In France, the Reserved Offering described above will take place solely as a placement to the benefit of categories of persons, in accordance with Article L. 225-138 of the 'Code de commerce' and applicable regulations. The Reserved Offering is reserved, in Europe (including in France), to 'qualified investors', as that term is defined in Article 2(e) of the Prospectus Regulation.
In relation to each member state of the European Economic Area other than France (each, a 'Relevant Member State'), an offer of the New Shares is not being made and will not be made to the public in that Relevant Member State, other than: (i) to any legal entity which is a qualified investor as defined in the Prospectus Regulation; (ii) to fewer than 150 natural or legal persons per relevant member state; or (iii) in any other circumstances falling within Article 1(4) of the Prospectus Regulation; provided that no such offer of the New Shares shall require the Company to publish a prospectus pursuant to Article 3 of the Prospectus Regulation. For the purposes of the above, the expression an 'offer to the public' in any Relevant Member State shall have the meaning ascribed to it in article 2(d) of the Prospectus Regulation.

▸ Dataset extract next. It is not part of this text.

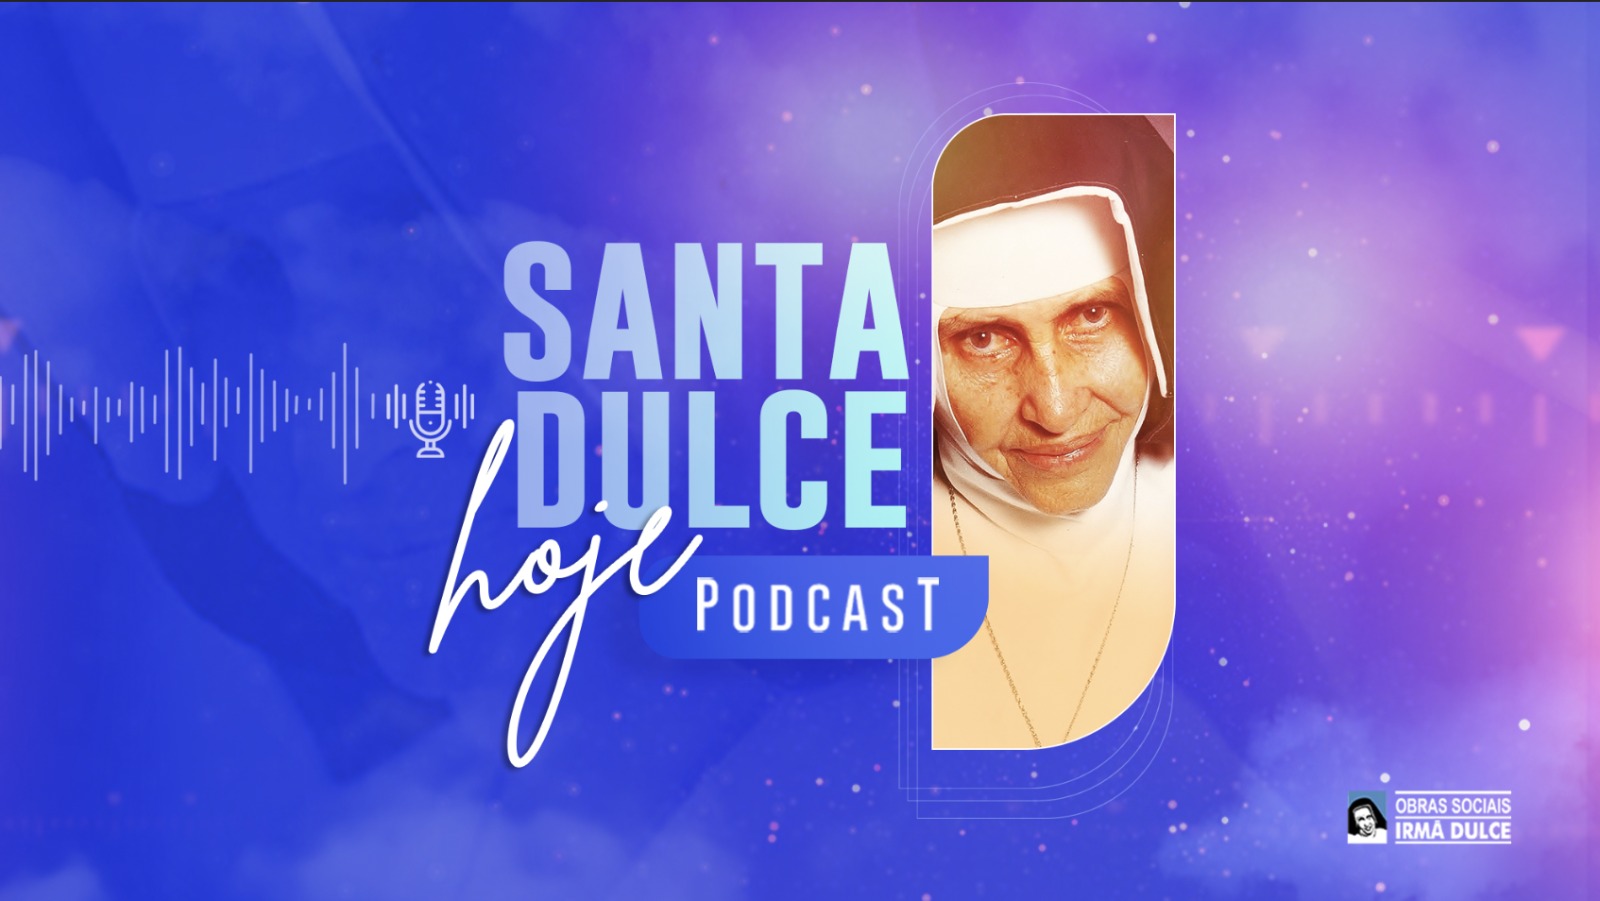 Podcast “Santa Dulce Hoje” já está disponível em nosso canal do youtube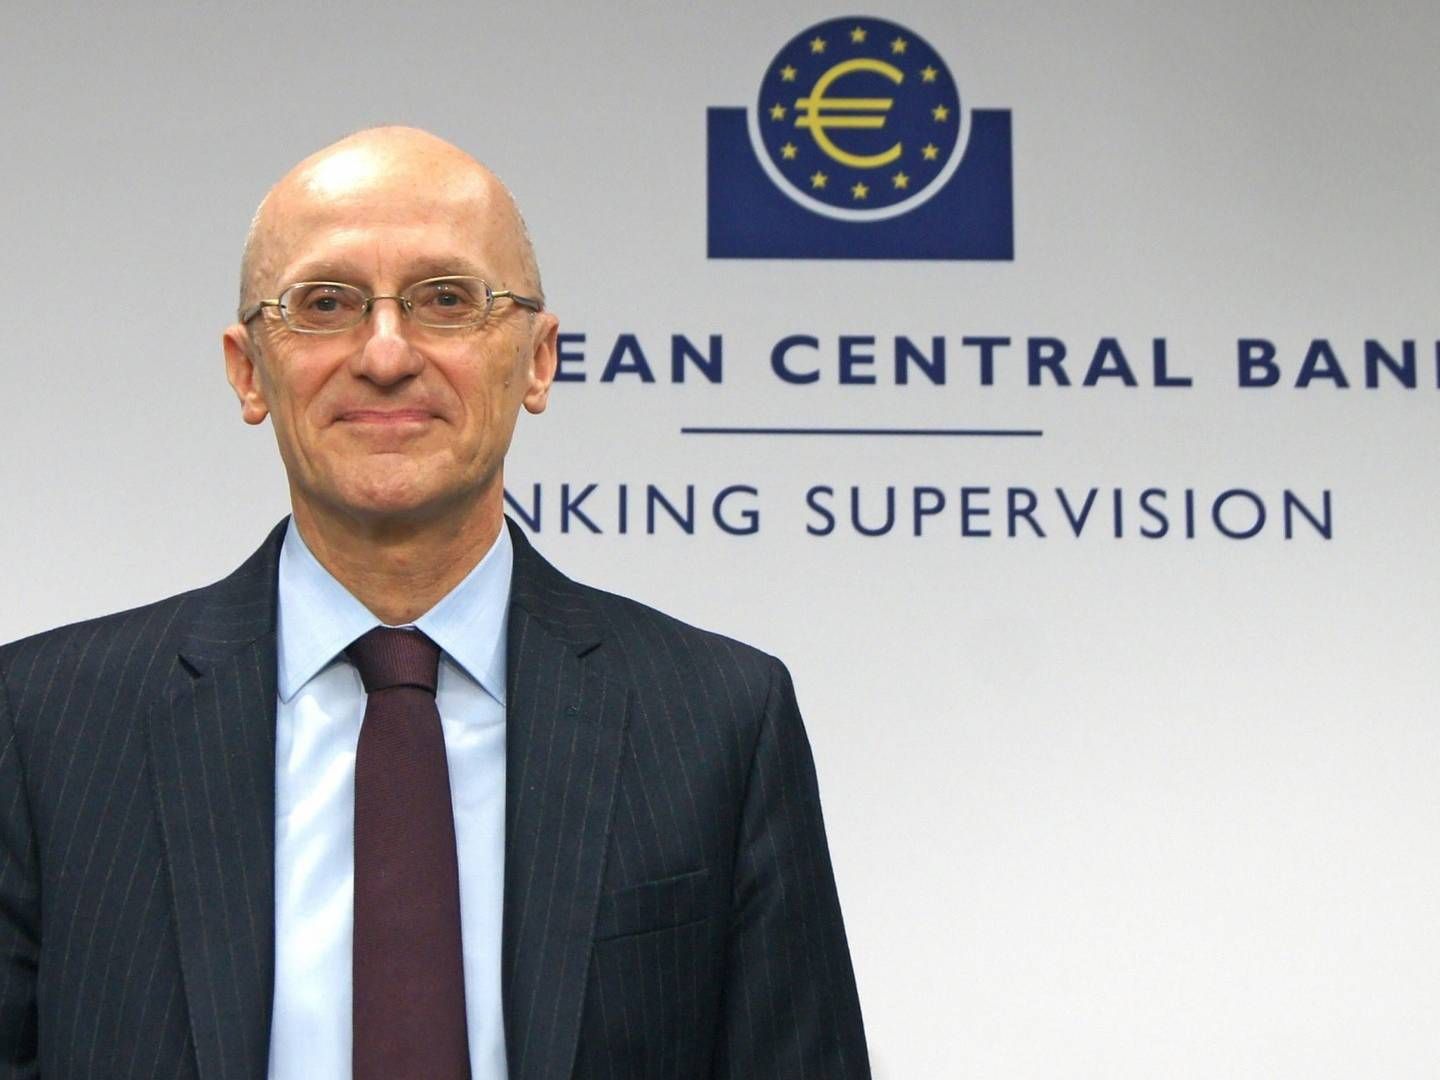 Andrea Enria, Vorsitzender der EZB-Bankenaufsicht | Foto: picture alliance / Wolfgang Minich

This press release may not be distributed, directly or indirectly, in or into the United States. This press release does not constitute an offer of securities for sale nor the solicitation of an offer to purchase securities in the United States or any other jurisdiction where such offer may be restricted. Securities may not be offered or sold in the United States absent registration under the U.S. Securities Act of 1933, as amended (the 'Securities Act') except pursuant to an exemption from, or in a transaction not subject to, the registration requirements thereof. The securities of the Company have not been and will not be registered under the Securities Act, and the Company does not intend to make a public offer of its securities in the United States.
This communication is being distributed only to, and is directed only at (a) persons outside the United Kingdom, (b) persons who have professional experience in matters relating to investments falling within Article 19(5) of the Financial Services and Markets Act 2000 (Financial Promotion) Order 2005 (the 'Order'), and (c) high net worth entities, and other persons to whom it may otherwise lawfully be communicated, falling within Article 49(2) of the Order (all such persons together being referred to as 'relevant persons'). Any investment or investment activity to which this communication relates is available only to relevant persons and will be engaged in only with relevant persons. Any person who is not a relevant person should not act or rely on this communication or any of its contents.
This distribution of this press release may be subject to legal or regulatory restrictions in certain jurisdictions. Any person who comes into possession of this press release must inform him or herself of and comply with any such restrictions.
This press release has not been independently verified and no representation or warranty, express or implied, is made or given by or on behalf of any of the Managers or any of their parent or subsidiary undertakings, or the subsidiary undertakings of any such parent undertakings, or any of such person's respective directors, officers, employees, agents, affiliates or advisers, as to, and no reliance should be placed on, the accuracy, completeness or fairness of the information or opinions contained in this press release and no responsibility or liability is assumed by any such persons for any such information or opinions or for any errors or omissions. All information presented or contained in this press release is subject to verification, correction, completion and change without notice.
The Managers are acting exclusively for the Company and no one else in connection with the Reserved Offering and will not regard any other person (whether or not a recipient of this press release) as their client in relation to the Reserved Offering and will not be responsible to anyone other than the Company for providing the protections afforded to their client nor for providing advice in relation to the proposed Reserved Offering.